For the OCT they give,

240V, 1.066A, 136.6W

From this they calculate Rc and Xm which I understand how to do but underneath in bold it says,

"Calculate the power factor of the transformer during the OCT and comment."

Wouldn't the PF of the transformer just be,

\(PF = \frac{136.6W}{240V \cdot 1.066A} = 0.533\)

Is there something to take away from this? It wouldn't be put in bold in my notes for no reason.

What am I to conlcude from this?
 

t_n_k

Joined Mar 6, 2009
5,447
Nothing particularly startling about the low excitation power factor. Would one not expect that to be normal?
 

Thread Starter

jegues

Joined Sep 13, 2010
733
Nothing particularly startling about the low excitation power factor. Would one not expect that to be normal?
I don't know.

This point was put in bold within my professors typed up notes for the course, so I'm sure there's something he wants us to take note of or realize here, I just can't figure out what.
 

t_n_k

Joined Mar 6, 2009
5,447
Trying to second guessing a professor has its pitfalls. Does he/she want an erudite dissertation or simply a brief sentence or two?

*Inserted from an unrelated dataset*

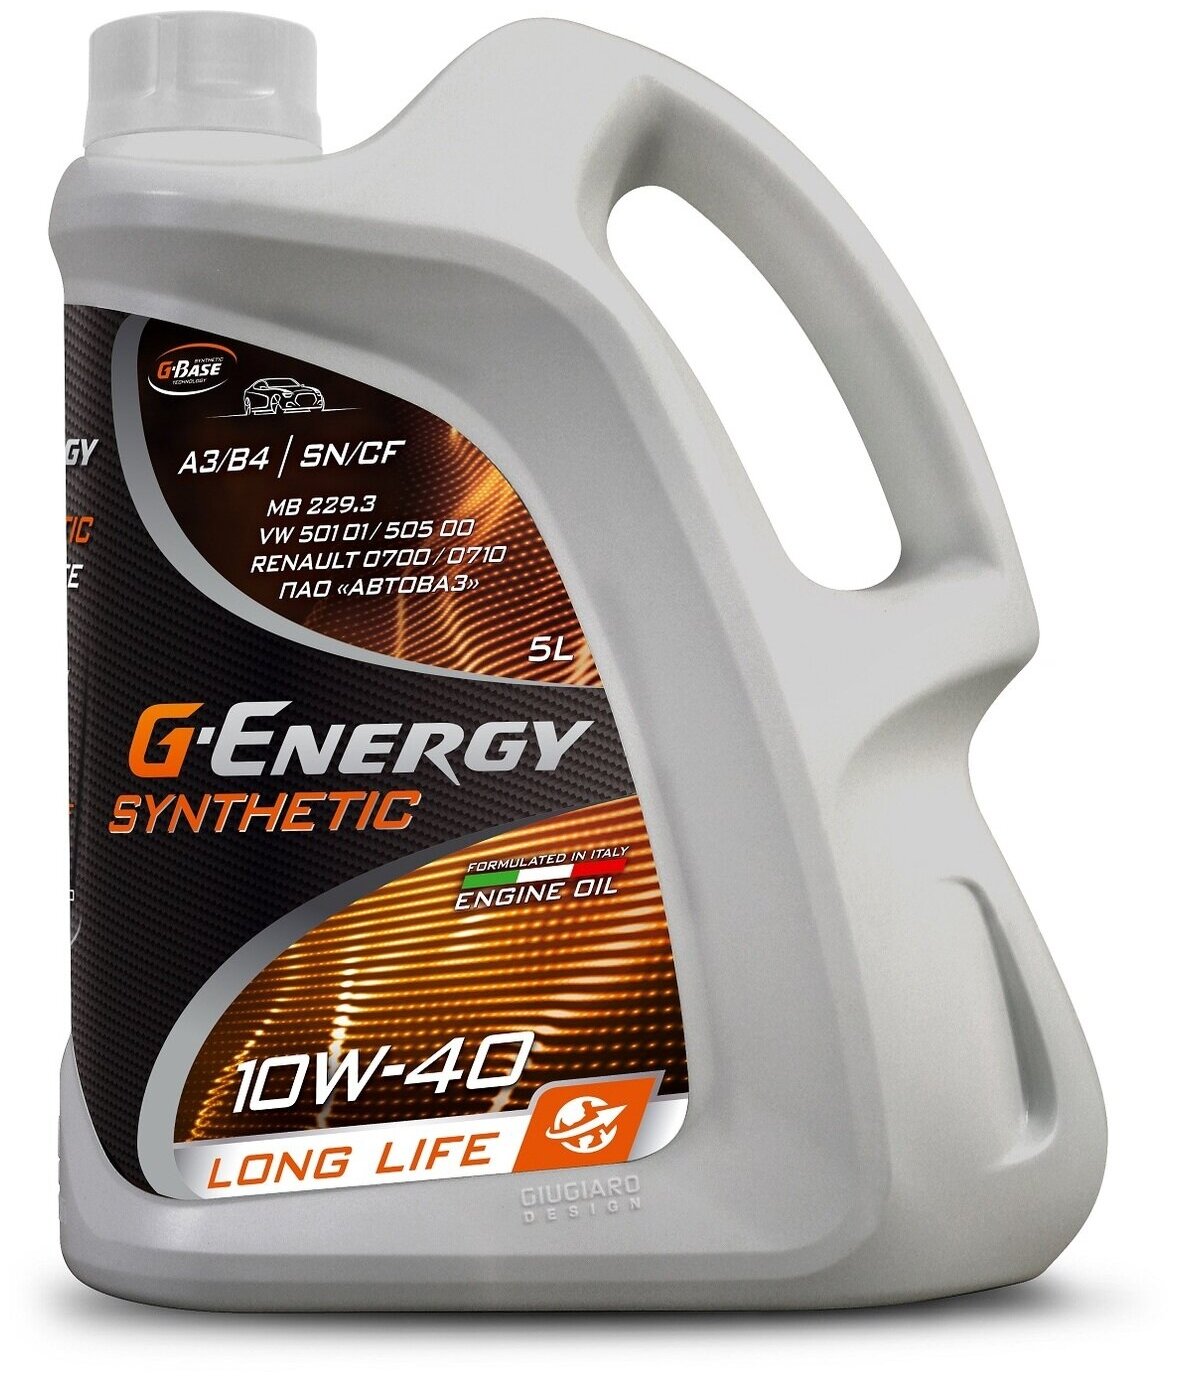    G-Energy Synthetic Long Life 10W-40, API SN/CF, ACEA A3/B4, 5

I would offer a reasonable explanation as to why I would expect the excitation power factor to be low and what are the practical aspects of the magnetic circuit design that have any bearing on this.

Secondly I would offer some engineering justification as to why one can't reach 'perfection' on that score.

What is a reasonable design compromise on the excitation power factor? Could one, for instance, achieve an excitation power factor of 0.1 say and if so what cost penalty would the designer incur in achieving this? How does one adjust the excitation power factor in the design process? Is the excitation power factor really all that important from the designer's perspective?